== PROVIDED RECORDS

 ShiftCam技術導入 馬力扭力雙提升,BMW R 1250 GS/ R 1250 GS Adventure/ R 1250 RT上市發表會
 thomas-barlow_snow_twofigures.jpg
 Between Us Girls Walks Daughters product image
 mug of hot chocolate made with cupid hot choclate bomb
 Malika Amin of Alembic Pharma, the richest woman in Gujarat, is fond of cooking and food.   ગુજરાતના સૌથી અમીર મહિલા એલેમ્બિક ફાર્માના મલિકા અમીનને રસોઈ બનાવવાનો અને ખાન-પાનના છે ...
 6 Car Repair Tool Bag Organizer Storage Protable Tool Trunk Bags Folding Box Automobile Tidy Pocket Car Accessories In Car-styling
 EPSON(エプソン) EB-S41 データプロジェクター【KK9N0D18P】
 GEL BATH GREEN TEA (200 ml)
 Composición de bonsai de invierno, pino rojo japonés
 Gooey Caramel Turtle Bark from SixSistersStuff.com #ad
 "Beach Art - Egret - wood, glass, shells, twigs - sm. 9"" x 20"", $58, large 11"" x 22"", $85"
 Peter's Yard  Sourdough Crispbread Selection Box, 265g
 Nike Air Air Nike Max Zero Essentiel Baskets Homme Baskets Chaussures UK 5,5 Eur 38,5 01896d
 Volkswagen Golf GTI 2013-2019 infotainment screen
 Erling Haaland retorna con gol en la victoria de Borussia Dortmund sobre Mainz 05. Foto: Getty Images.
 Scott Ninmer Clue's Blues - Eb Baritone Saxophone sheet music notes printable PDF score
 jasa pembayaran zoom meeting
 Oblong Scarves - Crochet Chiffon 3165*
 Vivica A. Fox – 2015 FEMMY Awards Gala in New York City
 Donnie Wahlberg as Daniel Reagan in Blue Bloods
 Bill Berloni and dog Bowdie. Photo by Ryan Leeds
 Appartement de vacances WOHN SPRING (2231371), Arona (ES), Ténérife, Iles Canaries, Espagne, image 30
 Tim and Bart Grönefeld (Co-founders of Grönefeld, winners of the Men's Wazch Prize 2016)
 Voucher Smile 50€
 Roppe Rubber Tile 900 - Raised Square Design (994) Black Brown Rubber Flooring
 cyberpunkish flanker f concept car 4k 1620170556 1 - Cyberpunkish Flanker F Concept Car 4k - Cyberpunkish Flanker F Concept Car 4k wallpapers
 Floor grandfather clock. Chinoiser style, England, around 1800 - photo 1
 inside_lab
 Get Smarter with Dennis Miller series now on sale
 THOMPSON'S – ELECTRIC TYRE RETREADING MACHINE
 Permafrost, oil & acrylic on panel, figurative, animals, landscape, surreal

====

__WORK INSTRUCTIONS__
Look above for the line with "Bill Berloni and" and the line with "Get Smarter with", and reproduce exactly those two lines plus every line between, nothing more.

__TASK RESULT__
 Bill Berloni and dog Bowdie. Photo by Ryan Leeds
 Appartement de vacances WOHN SPRING (2231371), Arona (ES), Ténérife, Iles Canaries, Espagne, image 30
 Tim and Bart Grönefeld (Co-founders of Grönefeld, winners of the Men's Wazch Prize 2016)
 Voucher Smile 50€
 Roppe Rubber Tile 900 - Raised Square Design (994) Black Brown Rubber Flooring
 cyberpunkish flanker f concept car 4k 1620170556 1 - Cyberpunkish Flanker F Concept Car 4k - Cyberpunkish Flanker F Concept Car 4k wallpapers
 Floor grandfather clock. Chinoiser style, England, around 1800 - photo 1
 inside_lab
 Get Smarter with Dennis Miller series now on sale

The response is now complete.